*Task objective*:
Exact reproduction of the listing is required. Pictures are not reproduced.

*Source data*:
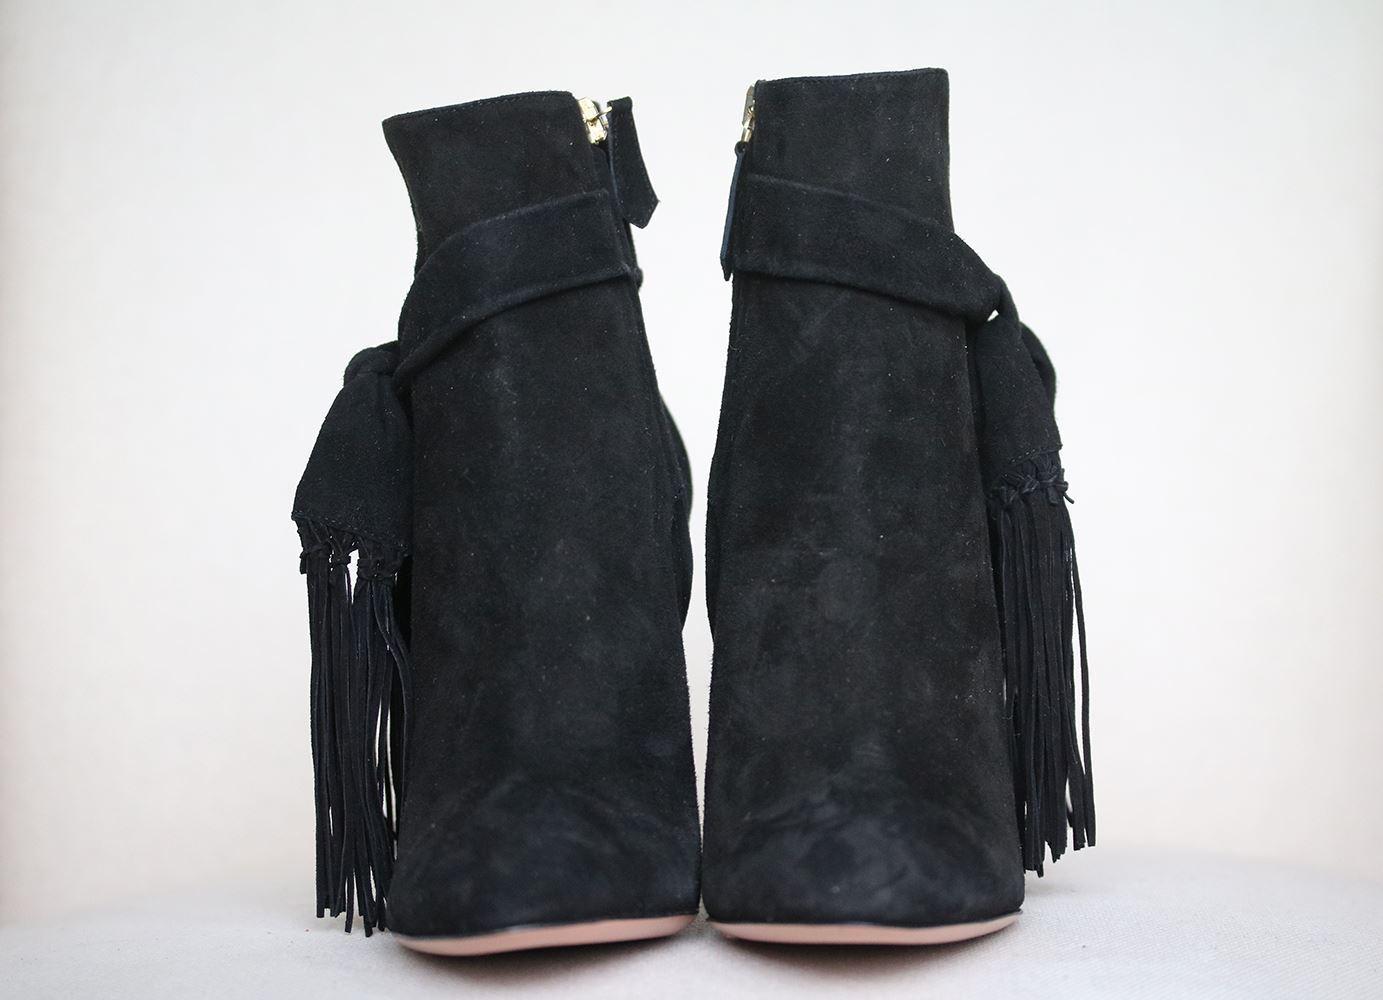 Suede bootie with wrap around tassel straps. Suede upper. Heel measures approximately 105 mm/ 4 inches. Black suede. Made in Italy. Does not come with a box. 

Size: EU 37.5 (UK 4.5, US 7.5)

Condition: New without box.

*Answer to this problem*:
 Suede bootie with wrap around tassel straps. Suede upper. Heel measures approximately 105 mm/ 4 inches. Black suede. Made in Italy. Does not come with a box. 

Size: EU 37.5 (UK 4.5, US 7.5)

Condition: New without box.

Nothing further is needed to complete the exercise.